### Directions
Transcribe only the part of the material below that begins at the line containing "Memoryspel Wildlife, 30-delig, Massief" and ends at the line containing "J. ALBINO GONZALEZ", with both kept and images left out.

### Recorded information
--- START ---
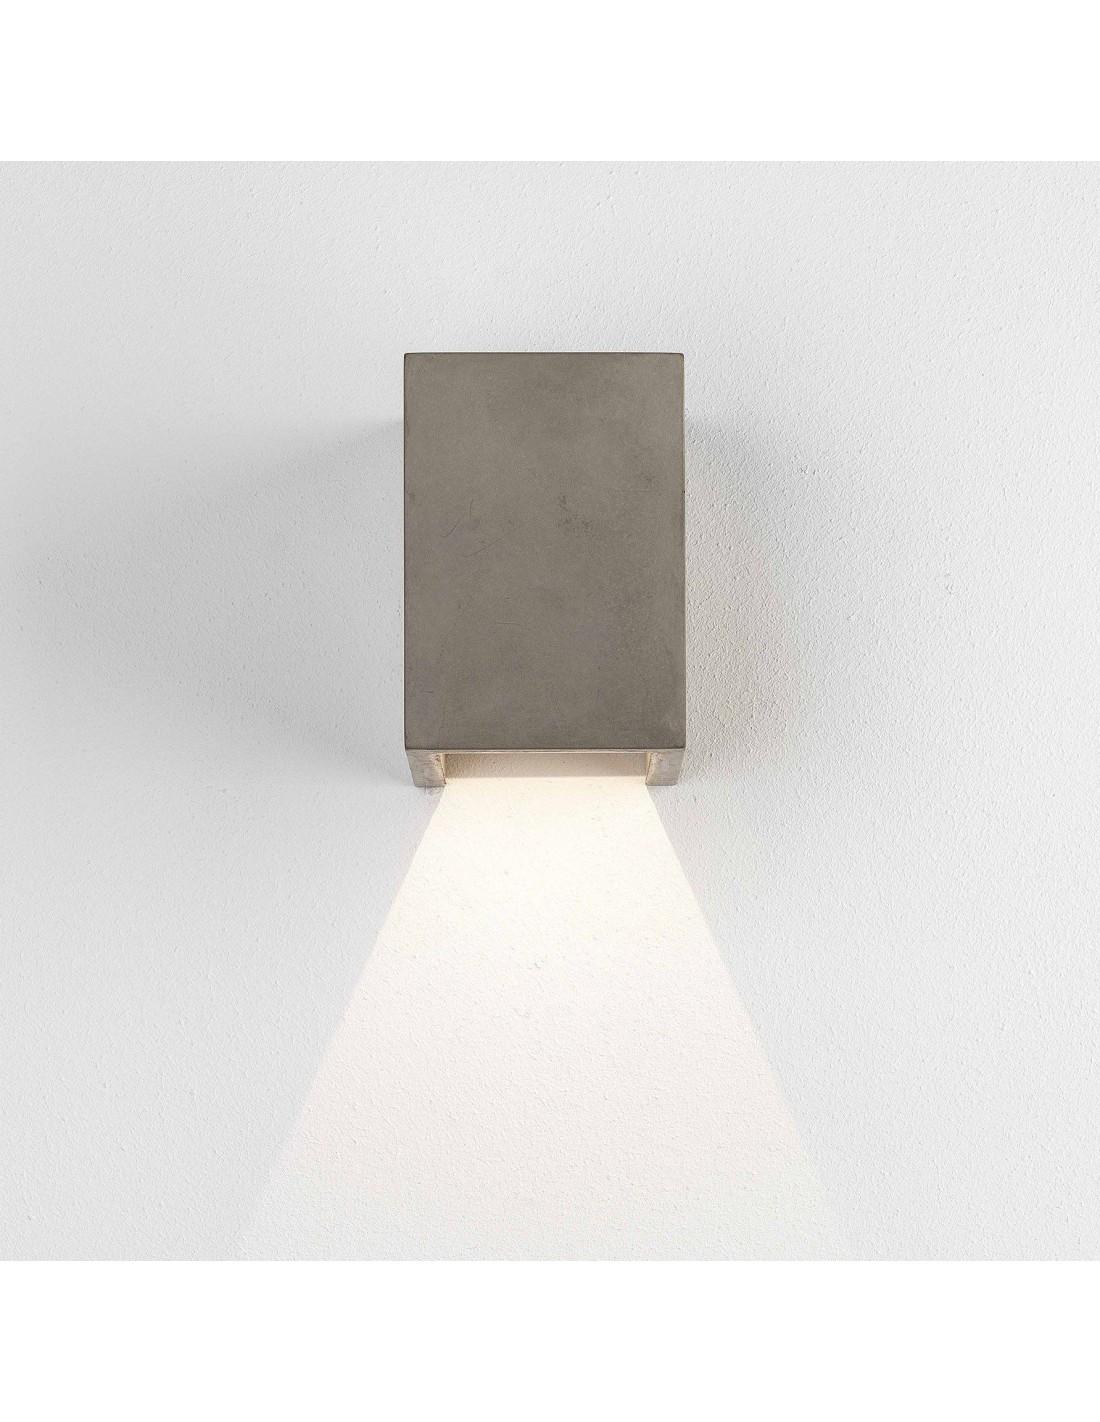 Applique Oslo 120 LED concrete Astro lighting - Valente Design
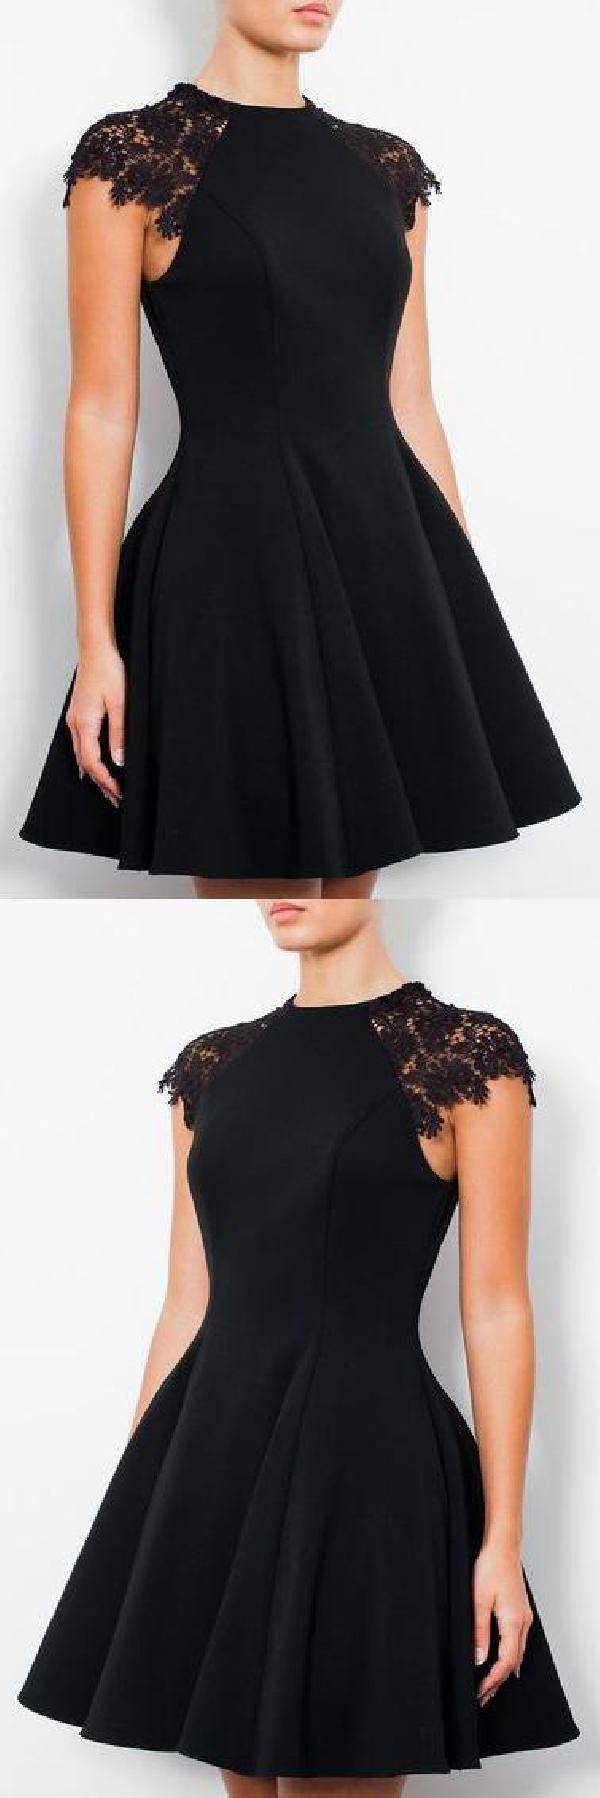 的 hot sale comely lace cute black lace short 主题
--- END ---
--- START ---
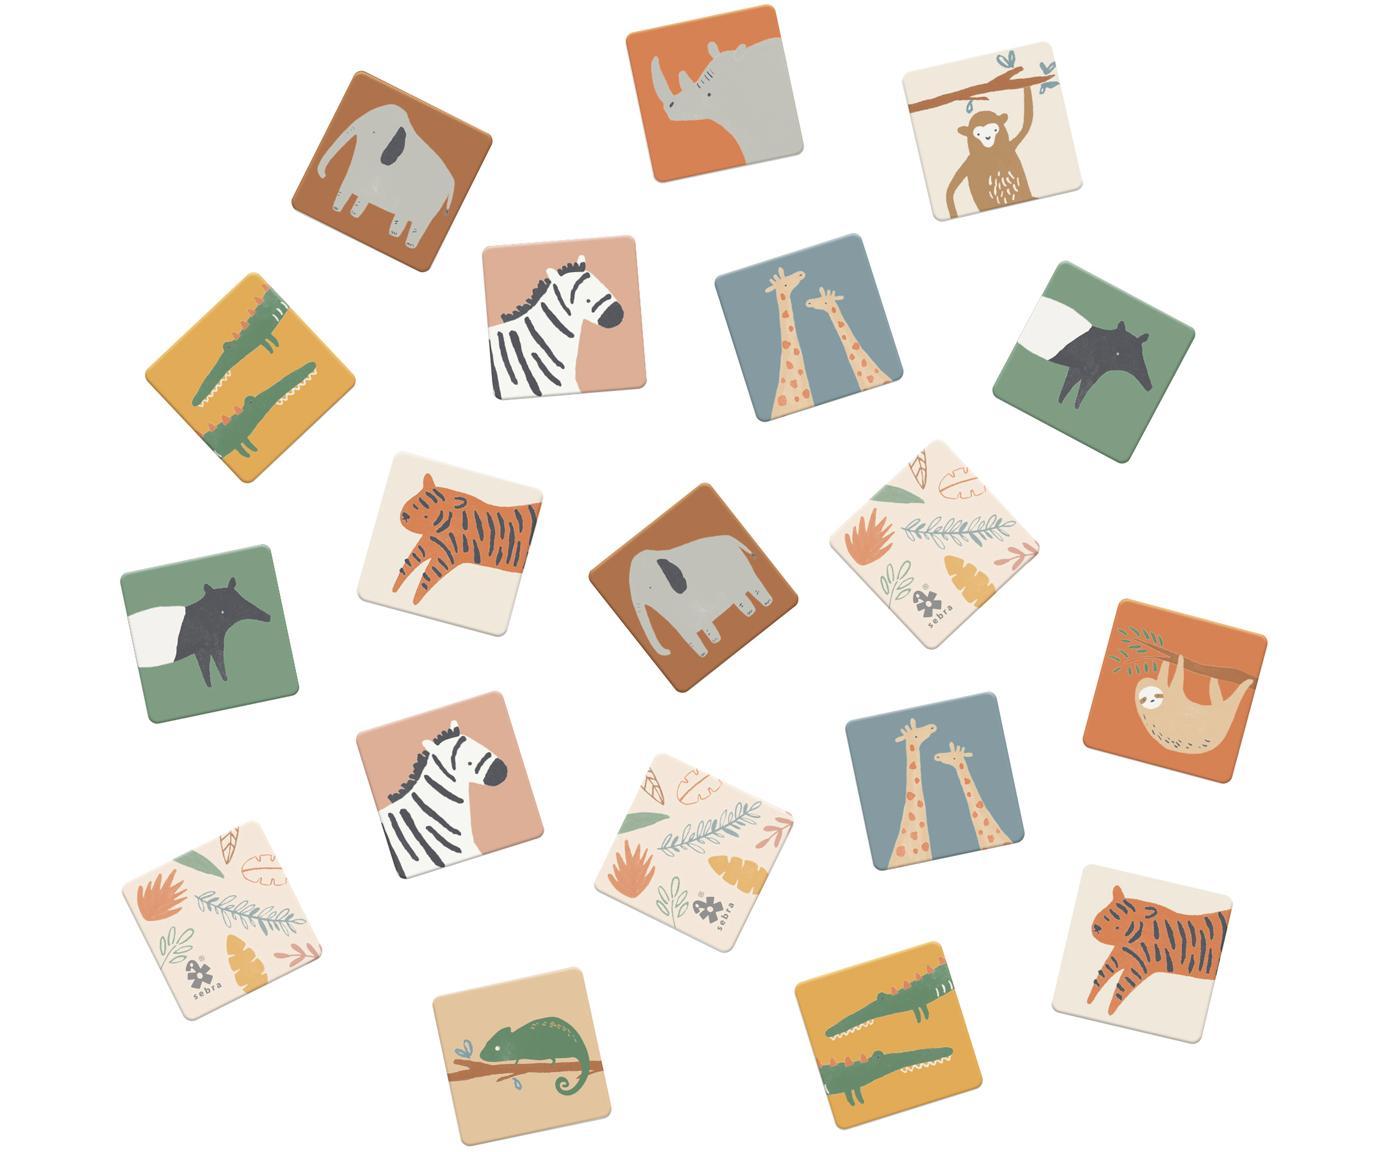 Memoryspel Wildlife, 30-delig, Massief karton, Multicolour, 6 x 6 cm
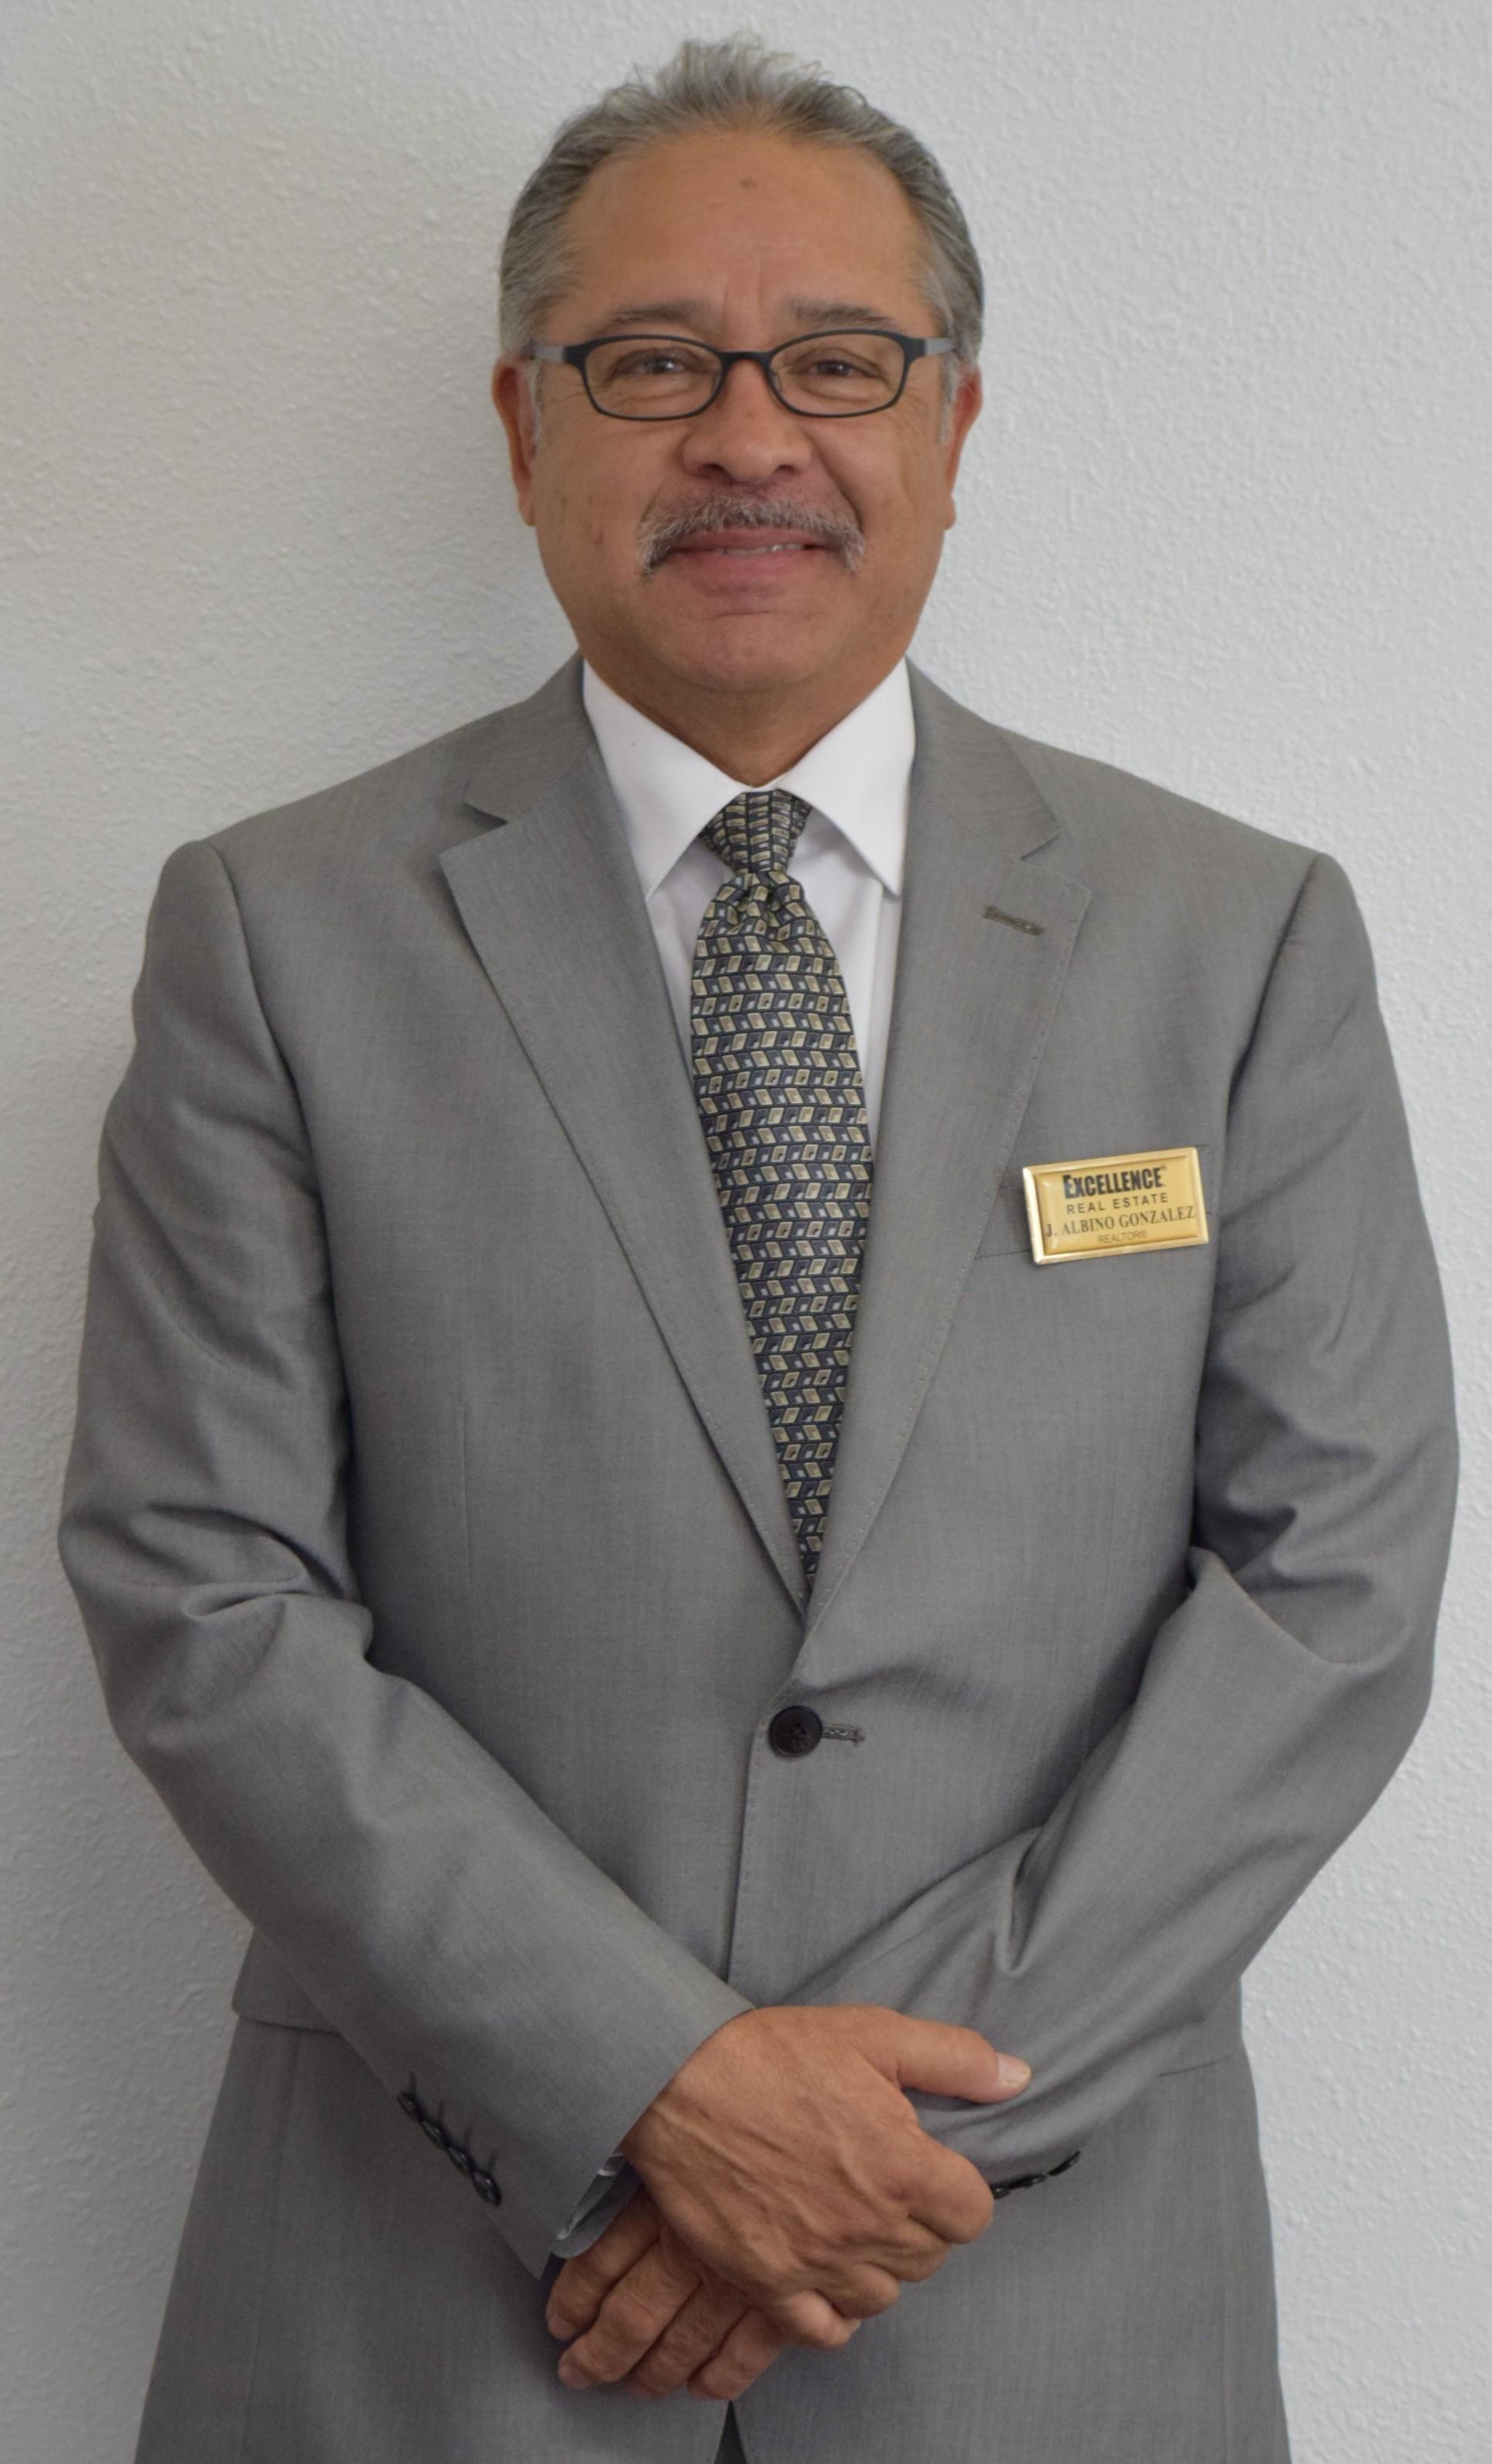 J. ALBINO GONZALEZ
--- END ---
### Solution for this exercise
 Memoryspel Wildlife, 30-delig, Massief karton, Multicolour, 6 x 6 cm
 J. ALBINO GONZALEZ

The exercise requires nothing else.